TASK DETAILS:
Can you print the data exactly and leave out each image?

RECORDED DATA:
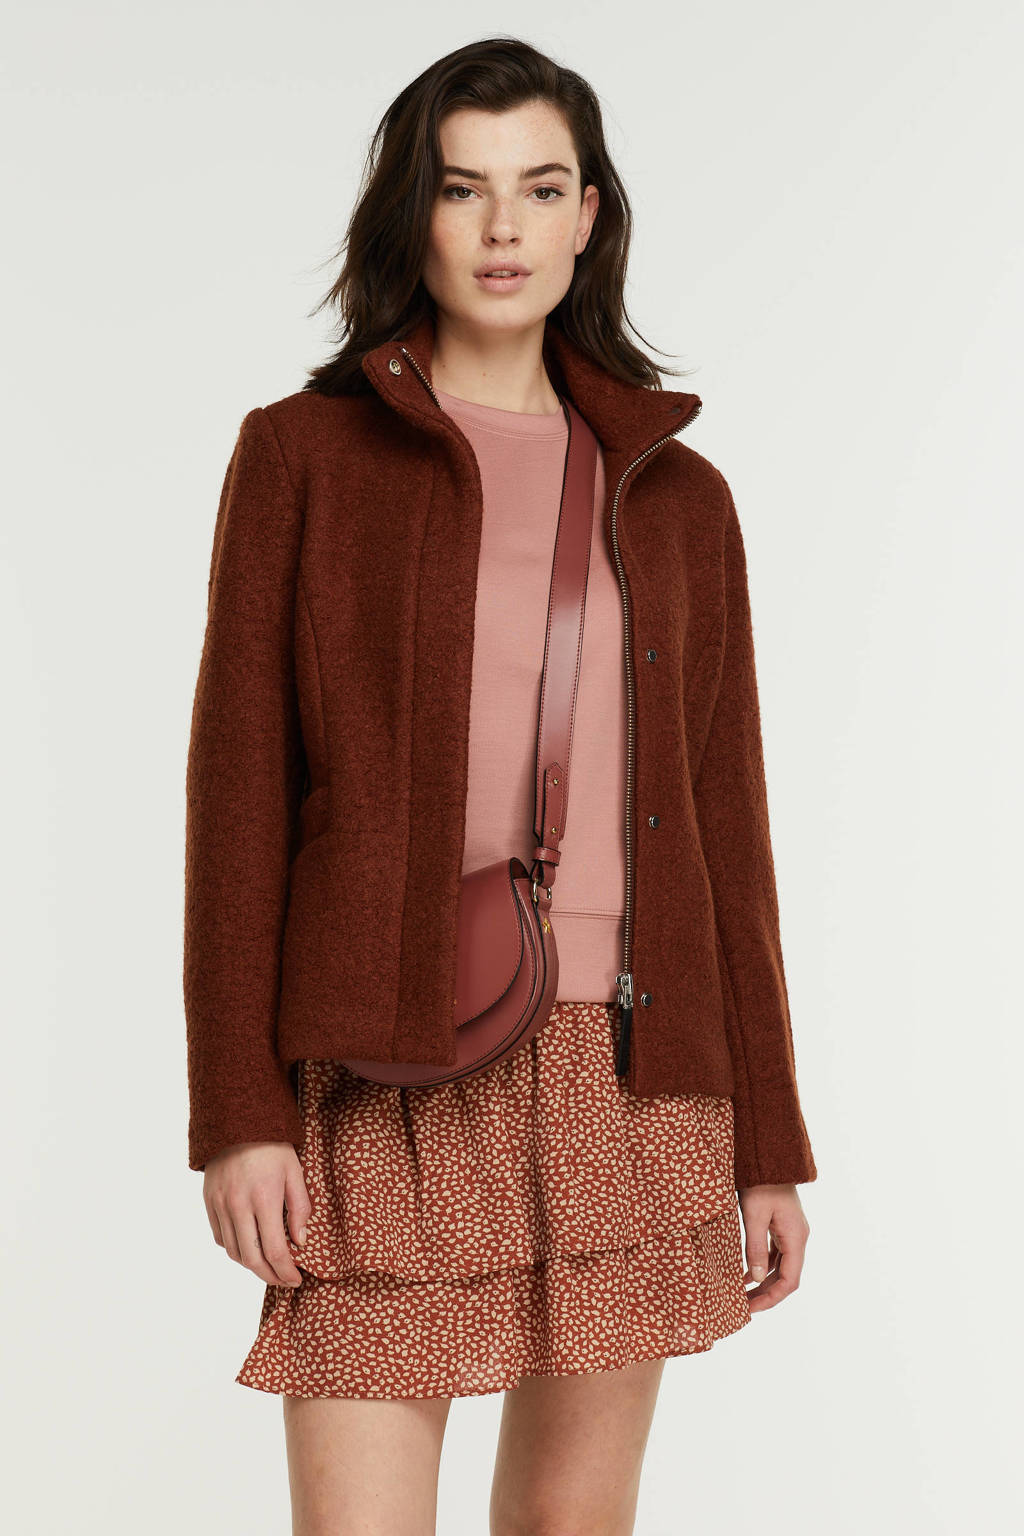 Brique dames Giacomo coat van wol met lange mouwen, opstaande kraag, rits- en drukknoopsluiting en textuur
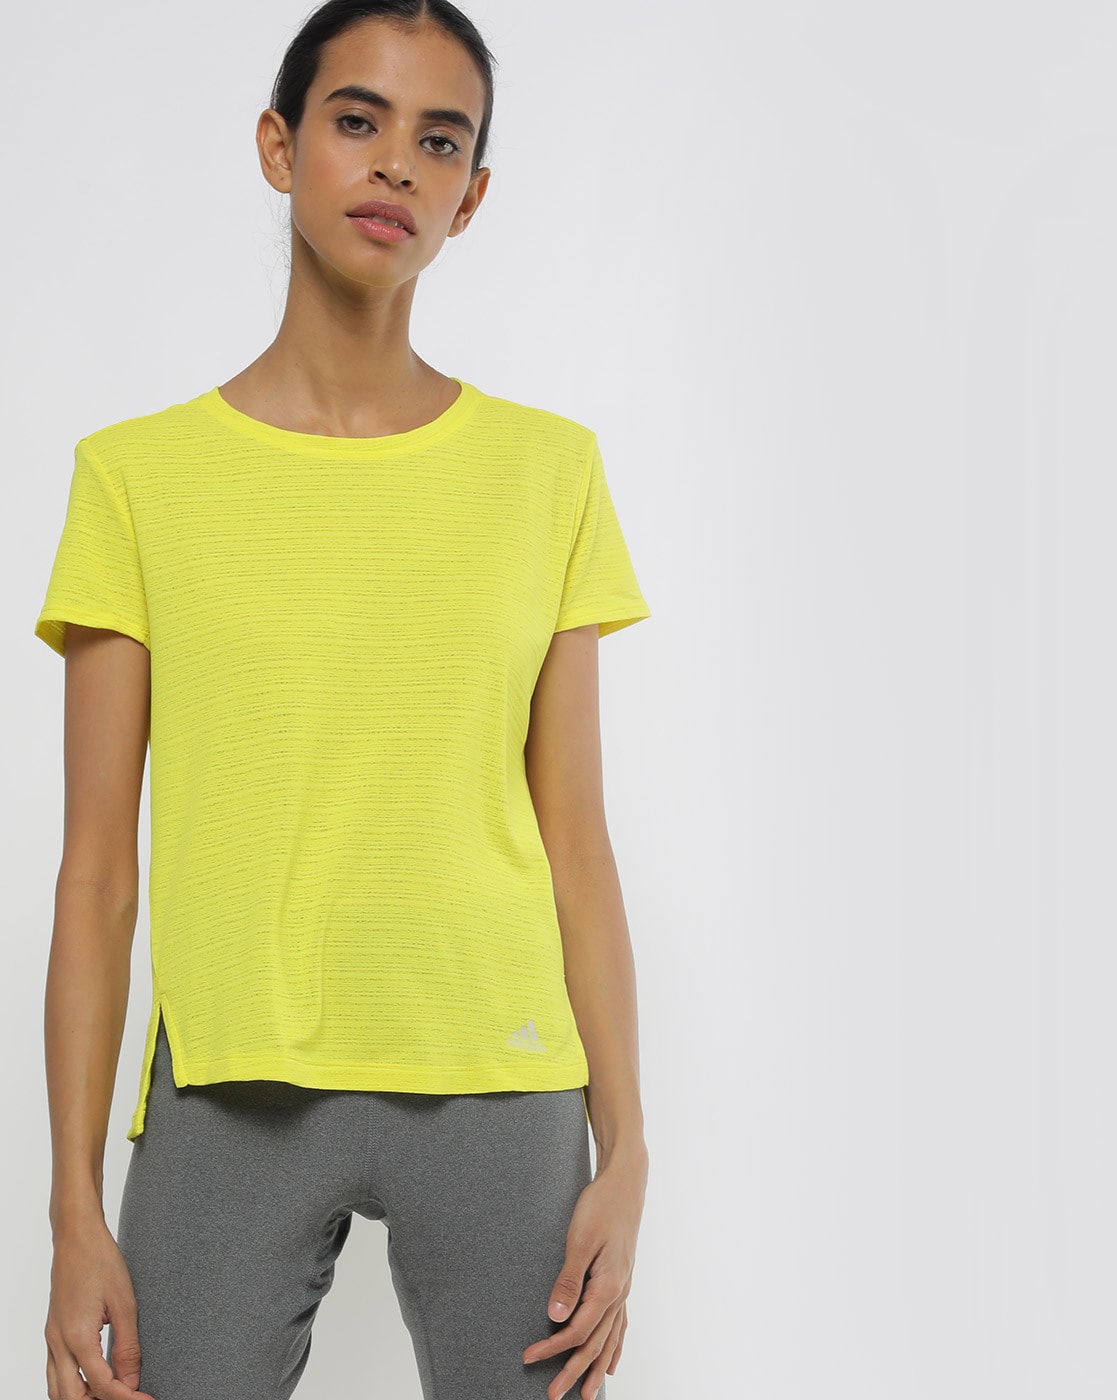 yellow adidas shirt womens
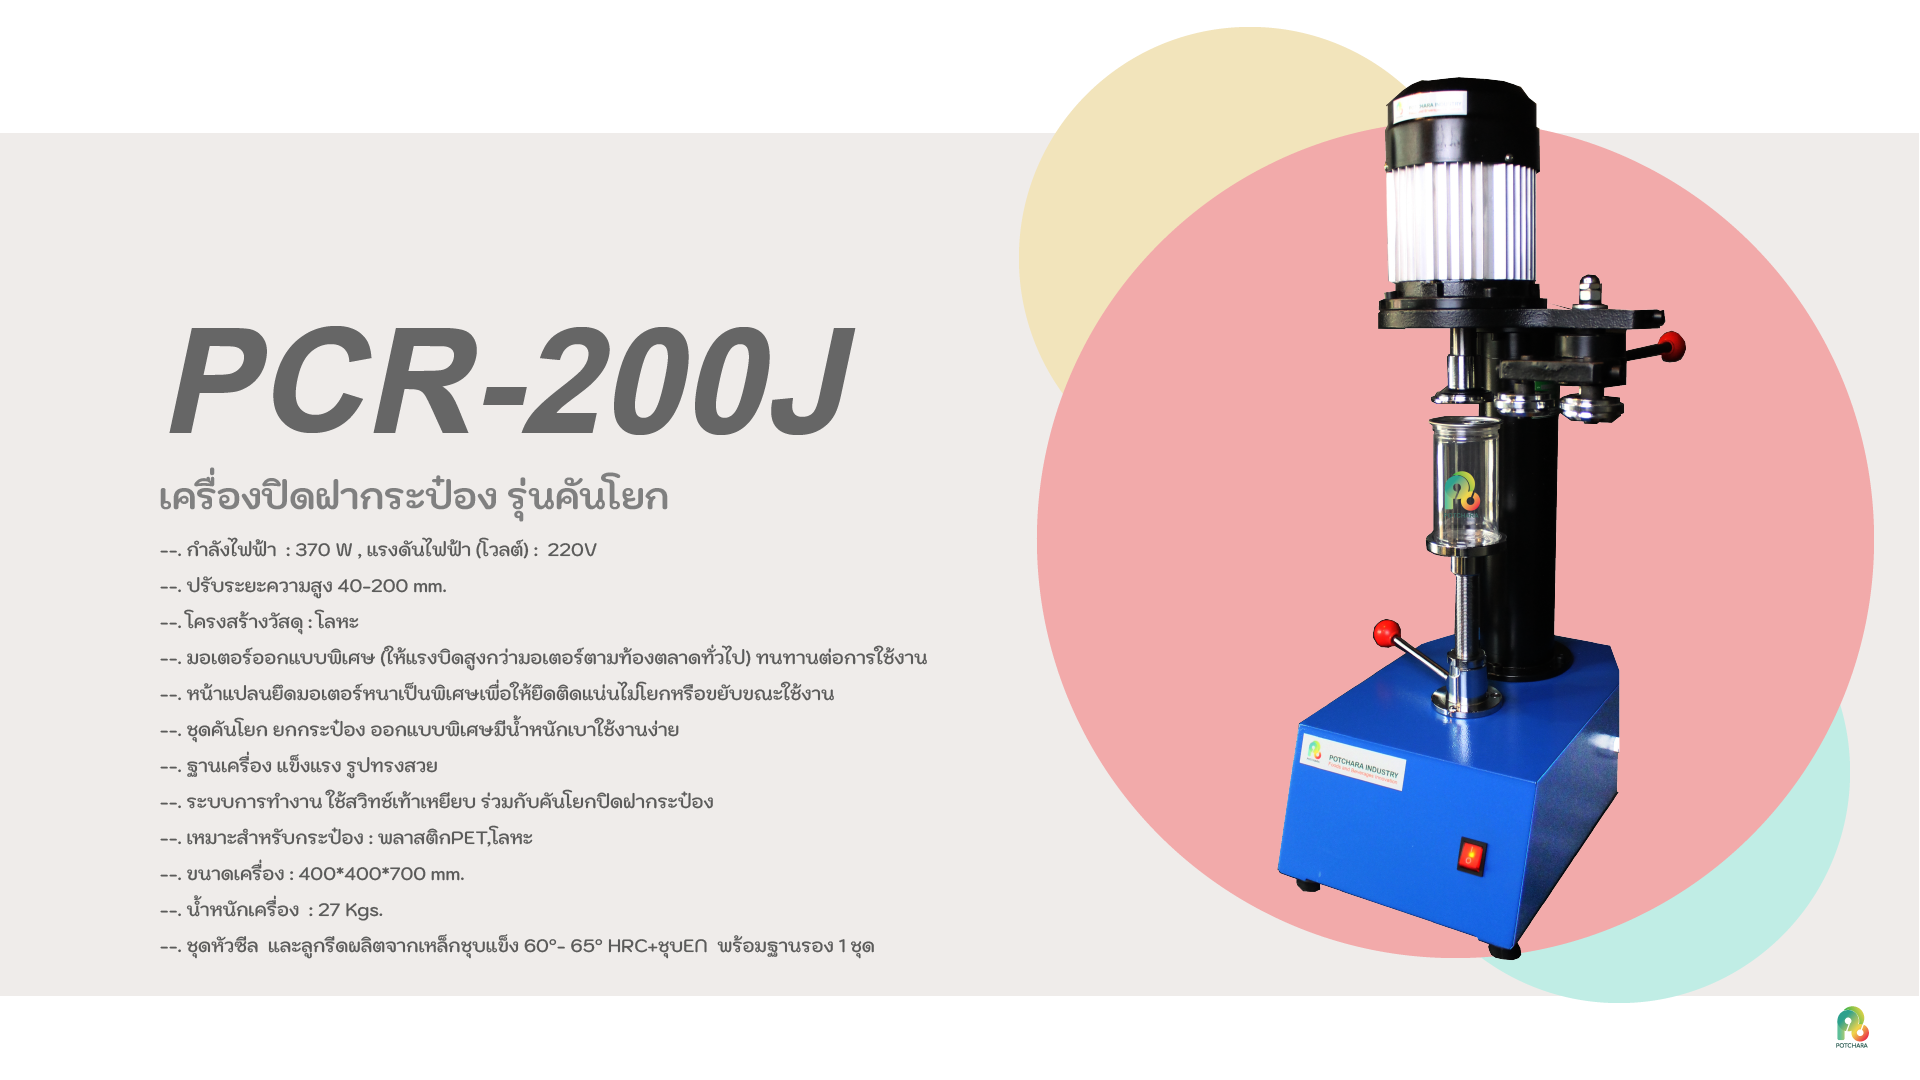 PCR-200J-2020

YOUR SOLUTION:
 Brique dames Giacomo coat van wol met lange mouwen, opstaande kraag, rits- en drukknoopsluiting en textuur
 yellow adidas shirt womens
 PCR-200J-2020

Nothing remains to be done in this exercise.